Para quê então aquela farsa? Para preparar um pretexto futuro? Para tentar condicionar outras votações?
O País o que precisa é de resposta aos problemas e não de encenações e de dramatizações para efeitos mediáticos. De uma política que dê prioridade às actividades produtivas e não às actividades especulativas e parasitárias, que melhore a repartição do rendimento Nacional e não a concentração da riqueza, que aumente o poder de compra e alargue o mercado interno e não o seu estreitamento, que promova o emprego com direitos e não os vínculos precários, os biscates e o trabalho clandestino.
De uma política que na União Europeia se bata pela concretização do princípio da "coesão económica e social" e de medidas de combate ao desemprego e não de uma política de obediência servil e cega à marcha acelerada e forçada para a Moeda Única.
É inaceitável que o País chegue a 31 de Maio com uma taxa de execução de 15% do II Quadro Comunitário de Apoio numa clara incapacidade de gerir com eficácia os meios financeiros disponíveis... (economia virtual) E não é a economia virtual que disfarça o mal estar...
O mal estar sentido ou difuso, a insegurança quanto ao posto de trabalho futuro, a indignação face às injustiças, o protesto e a luta das mais diversas camadas sociais - classe operária, trabalhadores da Administração e da Função Pública, professores e alunos, armadores, agentes funerários, guardas florestais, mineiros, polícias, têm também reflexos e expressão mesmo dentro do PS. Por isso não é de estranhar que um dirigente socialista tenha afirmado que o "Governo precisa de vitaminas", que outro socialista diga à laia de desculpabilização que "se criaram expectativas irrealistas durante os "Estados Gerias", que outro no Porto, proteste contra a taxa de desemprego no distrito e que outro ainda afirme que "o PS navega à vista, para não dizer à deriva"...

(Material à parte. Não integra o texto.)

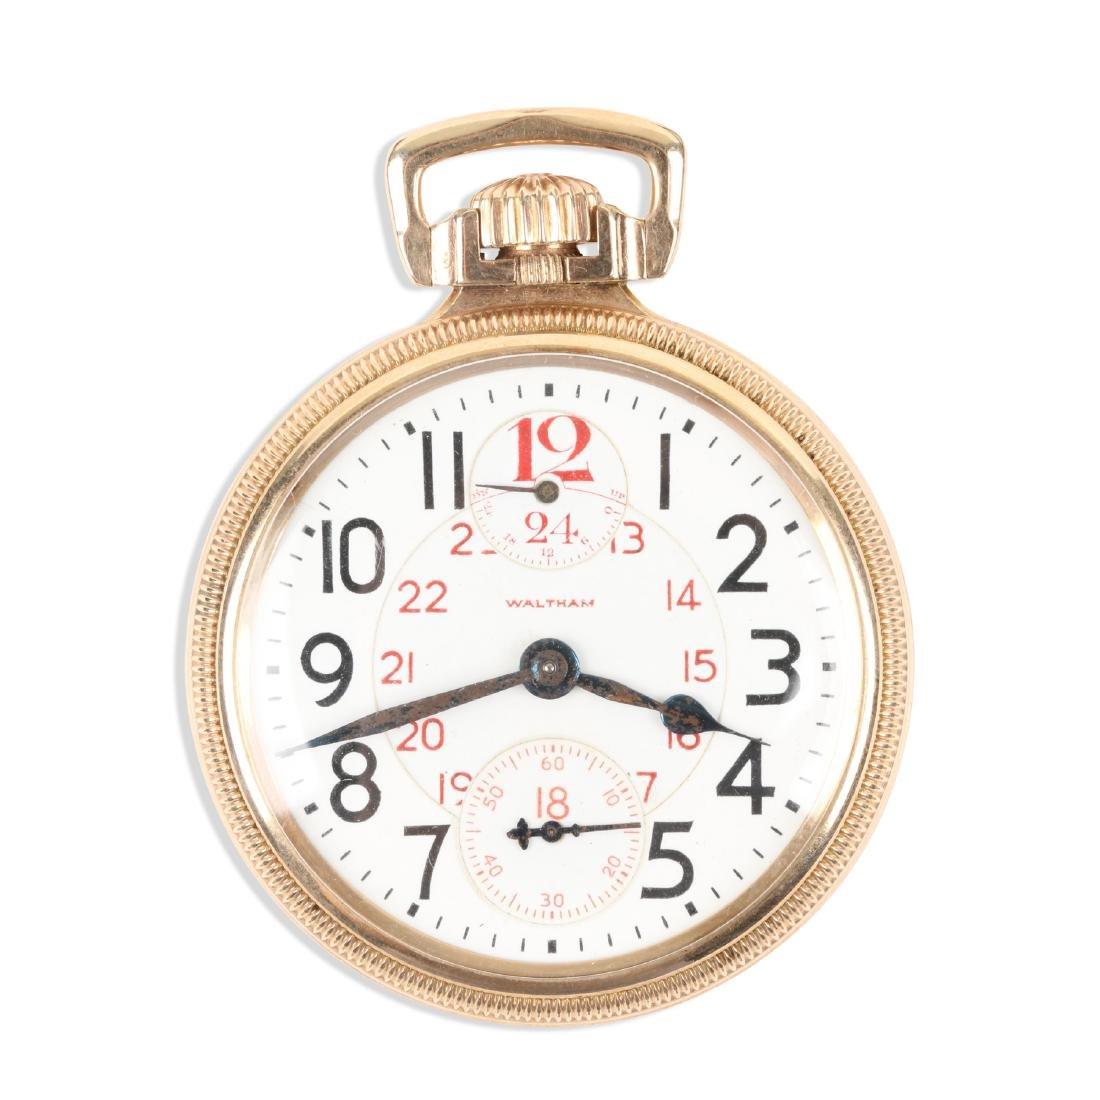 "Waltham, Vanguard ""Wind Indicator"" Pocket Watch"

Mas esta expressão de descontentamento tem também o seu jogo de sombras quando se pretende mostrar que há dois "PS"; o PS/Governo e o PS/JS; o PS governo e o PS oposição. O PS situação e o PS alternativa a si próprio.
Mas não é o jogo de sombras, nem a multiplicação das doses de propaganda, nem a divulgação de sucedâneos da tese do "Oásis", nem as estatísticas criativas que alteram a realidade.

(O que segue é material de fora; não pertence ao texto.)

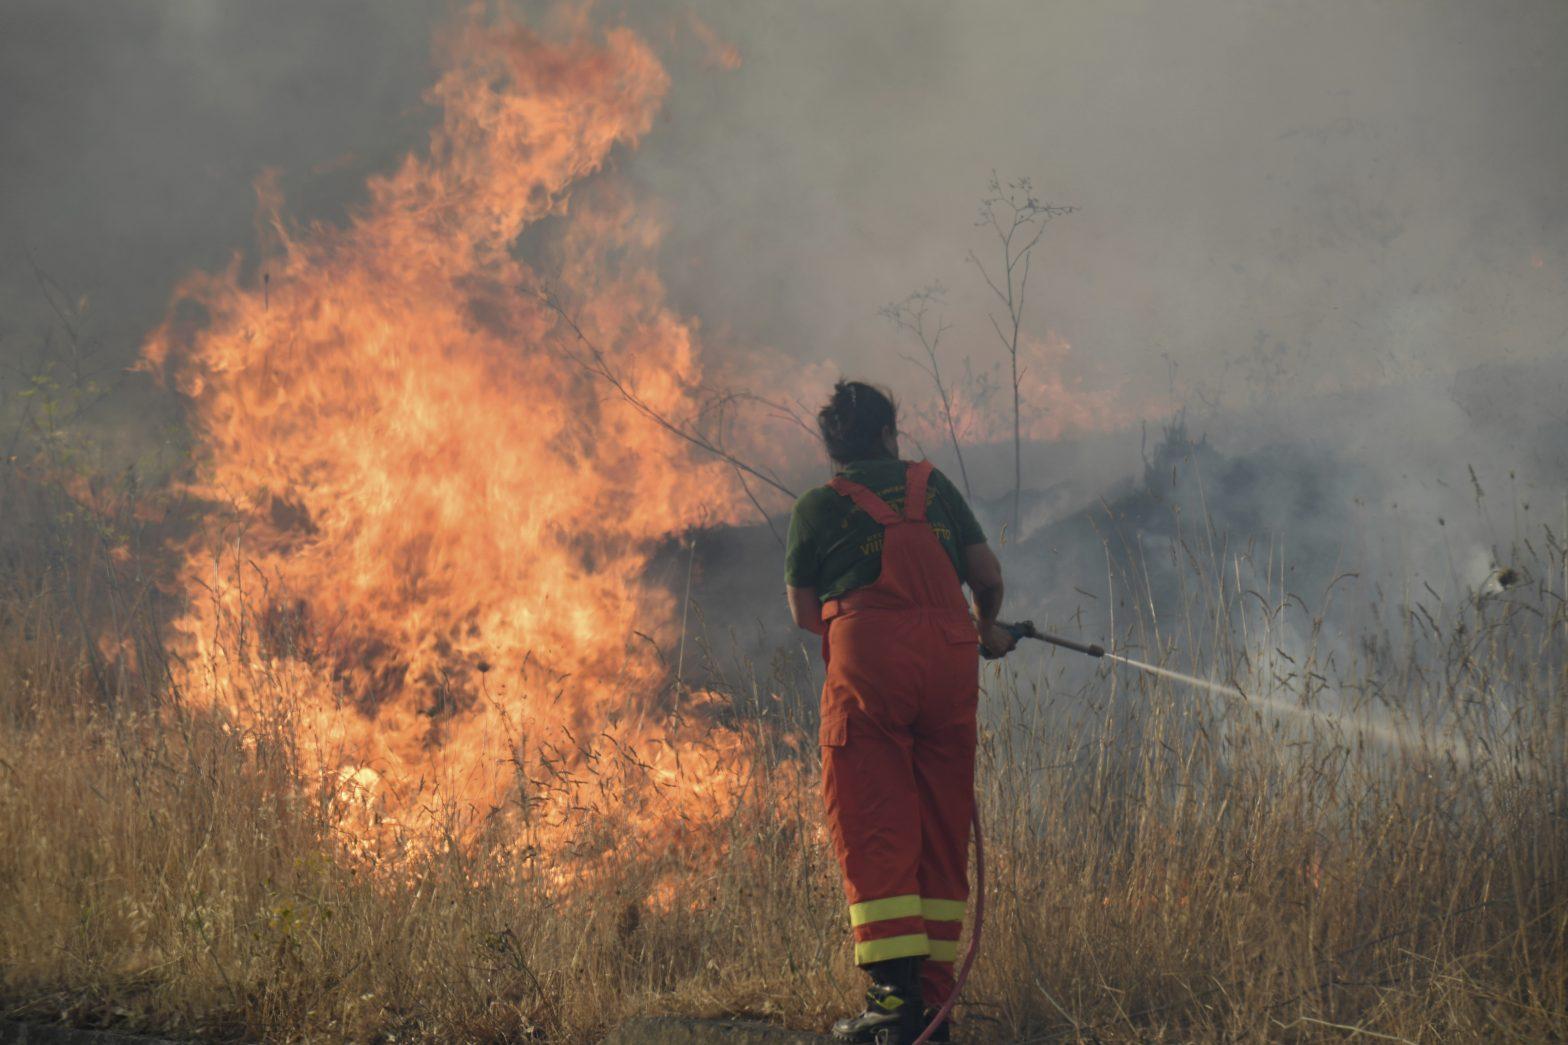 Sicily Wildfires

E a realidade o que nos mostra é que há muitas famílias a viverem mal, muitas que não terão férias ou que não sairão de casa este verão.

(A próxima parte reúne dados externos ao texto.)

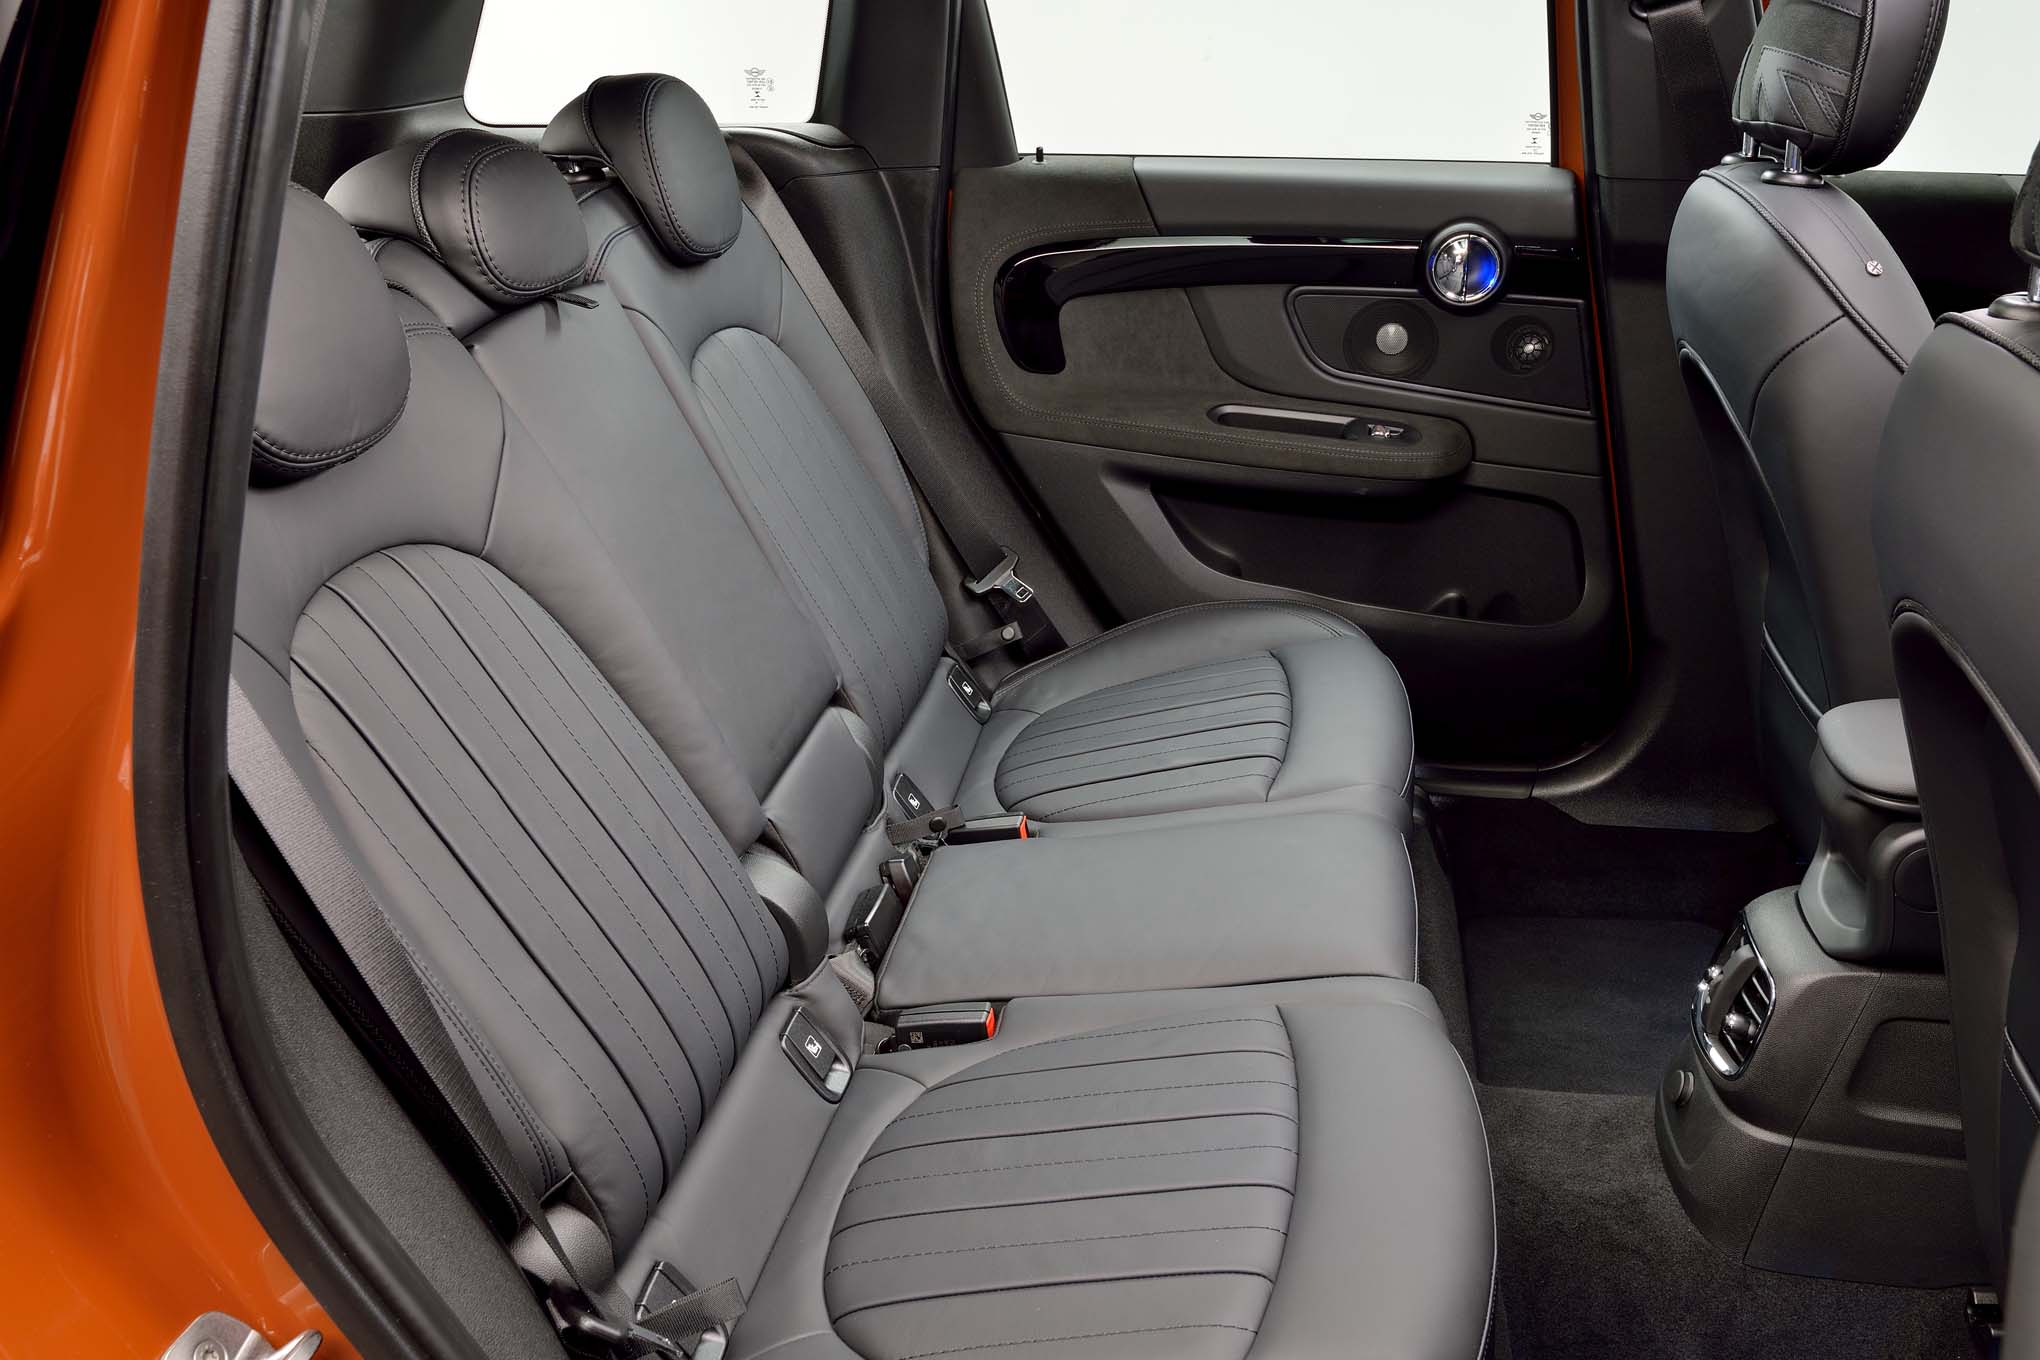 MINI Countryman I 2010 - 2016 SUV 5 door #5

A realidade é a que nos coloca no "pelotão da frente" em relação às taxas de pobreza, às desigualdades, às taxas de analfabetismo, aos baixos salários e baixas reformas. Ninguém pode ficar indiferente em relação a este quadro, nem quando vê empresas e sectores produtivos a serem liquidados, ou quando toma conhecimento que cerca de 50% da população activa tem vínculos precários...
O rendimento Mínimo foi uma medida positiva e ficamos satisfeitos por termos sido os primeiros a apresentar tal medida na Assembleia da República. Mas creio que nos deve fazer pensar a todos porque razão é que havendo um significativo desenvolvimento das forças produtivas, se têm de multiplicar as sopas dos pobres, os bancos a favor da pobreza e medidas como o Rendimento Mínimo!
Isto não é a consequência da política de casino, da política de concentração de riqueza, da política neo-liberal e da marcha forçada para a moeda única, da política ditada não pelas pessoas e a favor das pessoas, mas pelos mercados financeiros?
Haverá muita gente no PS que pensa que sim, que não aceita os dogmas do neoliberalismo e do «pensamento único».
Senhores Membros do Governo
Senhor Primeiro Ministro
O País precisa de uma política de esquerda e não da continuação nas questões essenciais da política de direita.
O País precisa de uma política que defenda e valorize a produção nacional e não de uma política que abra as portas à sua destruição.
O País precisa que se dignifique quem trabalha e não de uma política ao serviço dos grandes senhores do dinheiro, que lança no desemprego ou empurra para a emigração a sua força de trabalho.
Continuaremos, por isso a nossa luta por um novo rumo para Portugal.